New chemical entities are characterised using a combination of analytical techniques. For structural verification, such techniques typically will include chromatography (simply for separation or as part of a hyphenated system), mass spectrometry, NMR, infrared, UV-visible spectroscopy, and others. The aggregate value of such instrumentation, which may be in the millions of dollars, pales by comparison to the overall value of the data that is generated. For each species characterised using the integrated analysis of one or more of these technologies, the interrogation of the data to produce a single chemical structure can consume many hours for a skilled scientist. The resulting combination of characteristic identifiers, such as retention times obtained under different chromatographic conditions, representative molecular fragments from mass spectrometry, characteristic chemical shifts and coupling constants from NMR, vibrational frequencies from specific functional groups and lmax value from optical spectroscopy, all help to characterise the molecular framework and electronic nature of the atoms and bonds defining the structure.
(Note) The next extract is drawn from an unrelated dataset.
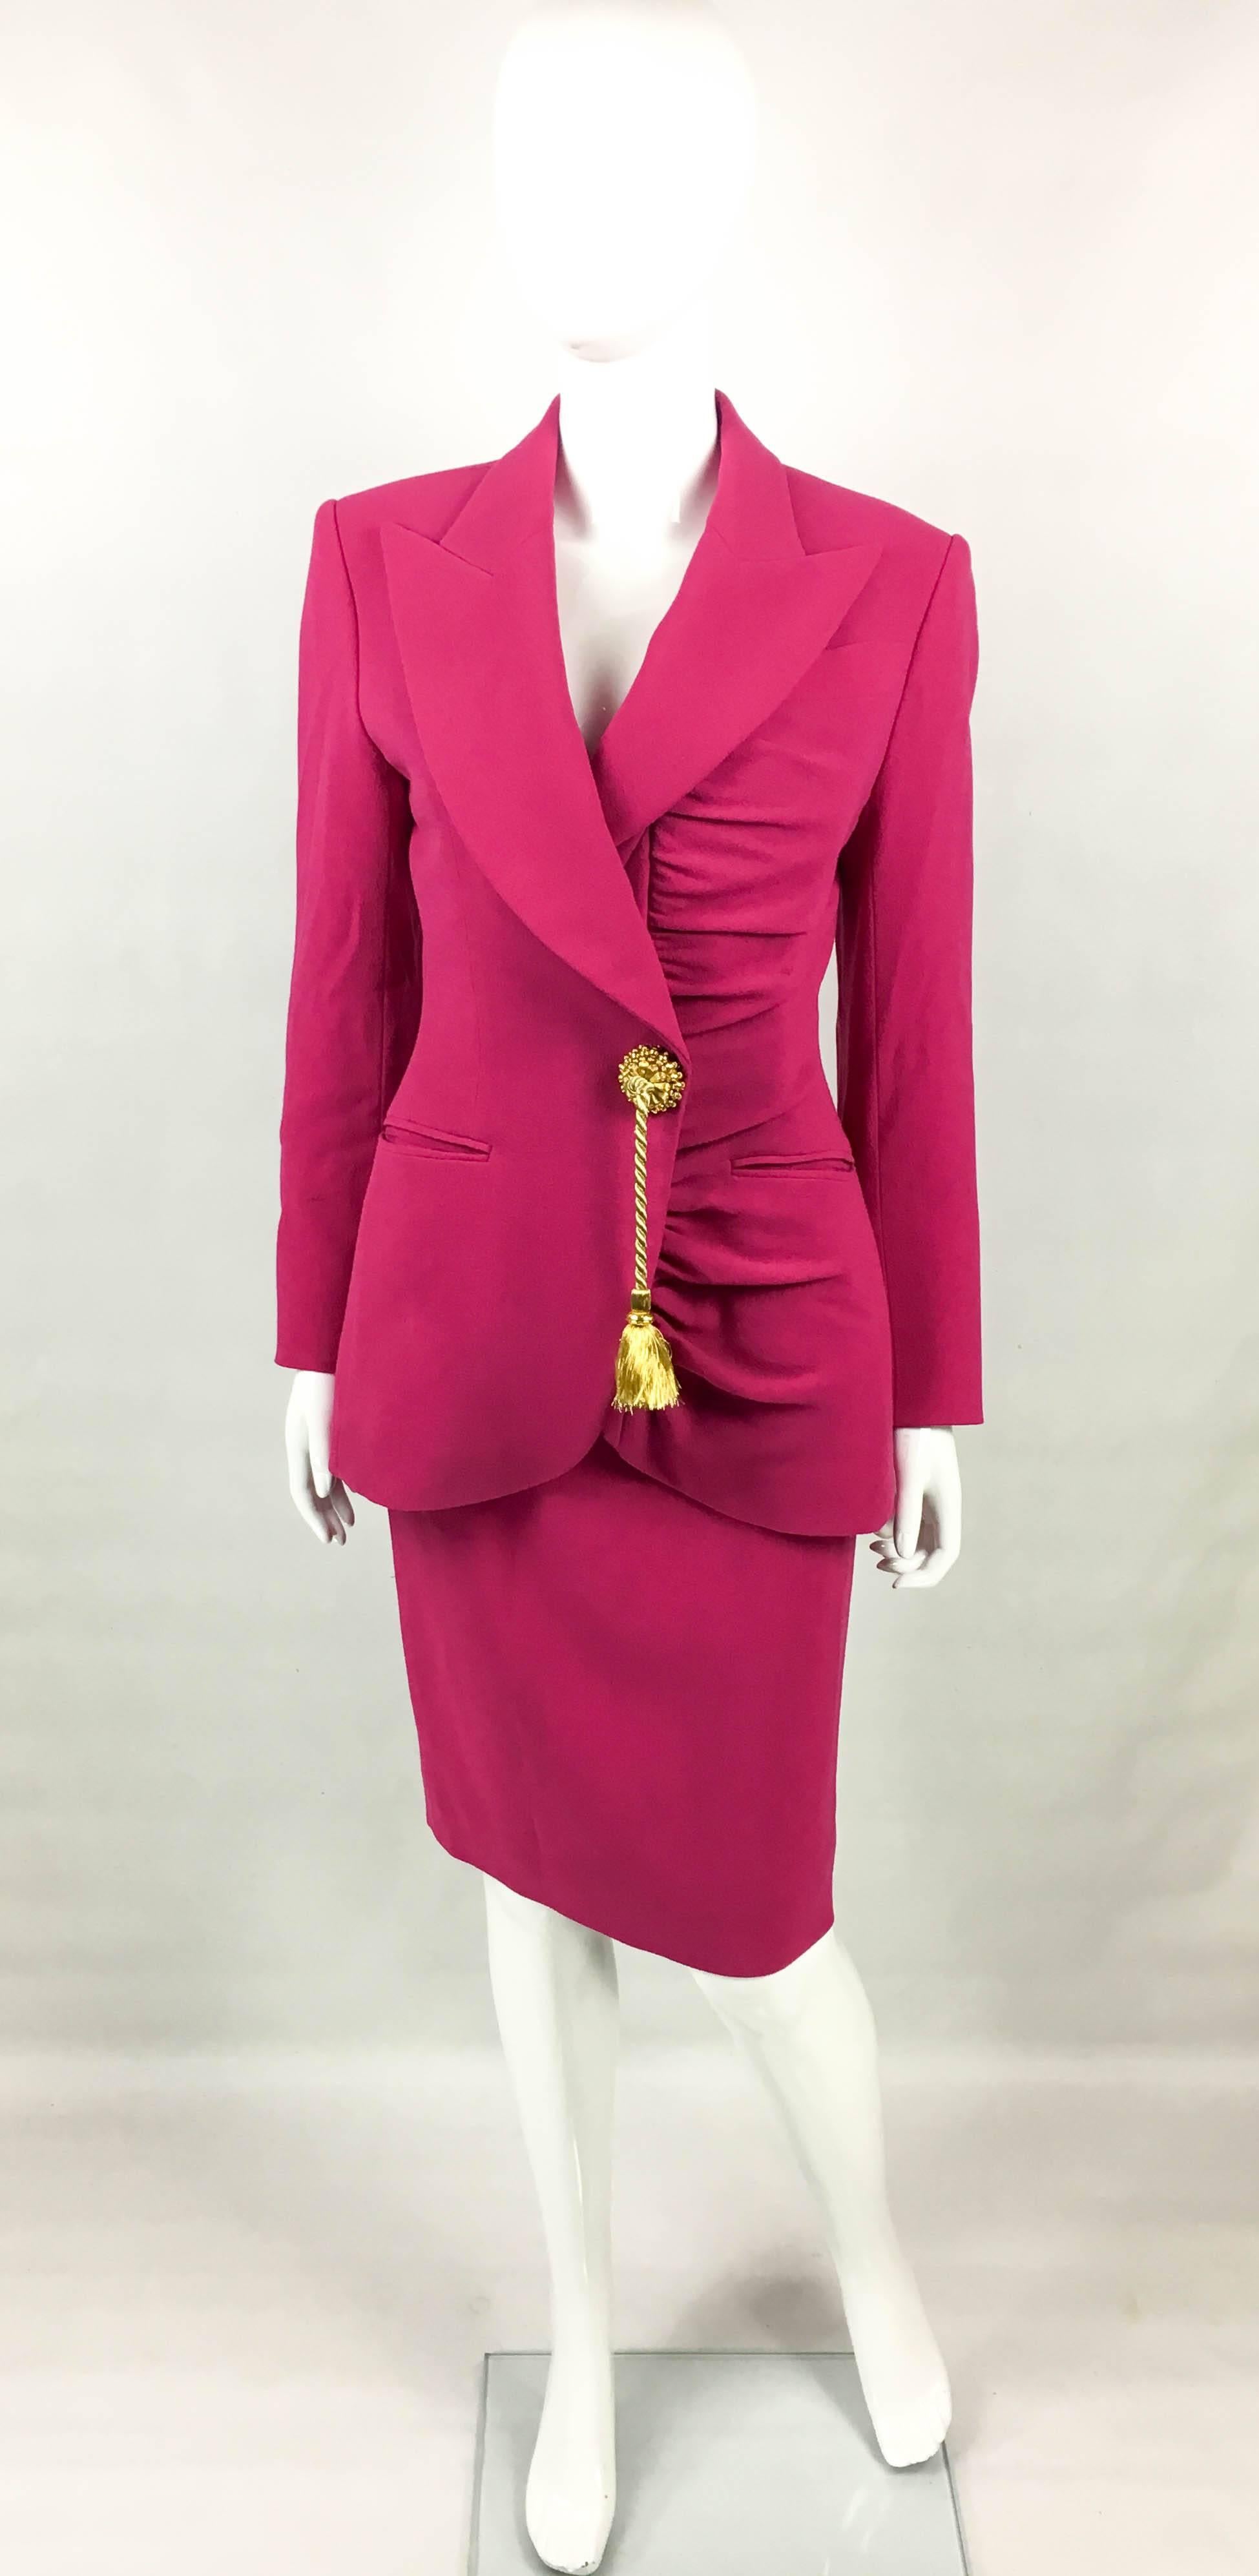 Stunning Vintage Dior Demi-Couture Wool Crepe Skirt Suit. This fabulous numbered ensemble by Dior was created in the 1980s. Both pieces are labelled and numbered – jacket: 53541; skirt: 22232. Made in shocking pink wool crepe, it is fully lined in

- ACD/Web Librarian is a web-based program that helps chemists and analysts gain unified access to structures, spectra, and other analytical data collected throughout the enterprise
- Software is now available which allows the integration of various forms of analytical data
- Analytical chemists search ACD/Labs databases by spectroscopic and chromatographic features to aid in the process of structure verification and elucidation
When one considers the broad array of analytical technologies that are typically employed for structure elucidation, in conjunction with the time spent by scientists interpreting the resulting data, there should be little surprise that thousands of dollars, if not tens of thousands, could be invested in a single compound. Although this cost is dwarfed by the final development costs of a product, the attrition rates from candidates to commercial entities are enormous. Billions of dollars per year are spent in generating analytical data that characterise the candidates. These chemical structures enter a chemical registration system for all to search. The fundamental data used for identification commonly remains disconnected and distributed, despite the recent availability of knowledge management and archival systems. Although such systems can store virtually any type of binary data, they are not structurally-enabled and merely storing binary analytical data, without a structural context, limits the usefulness of such data. These systems are, at least, addressing the need of gathering the data into a single container for text-based interrogation.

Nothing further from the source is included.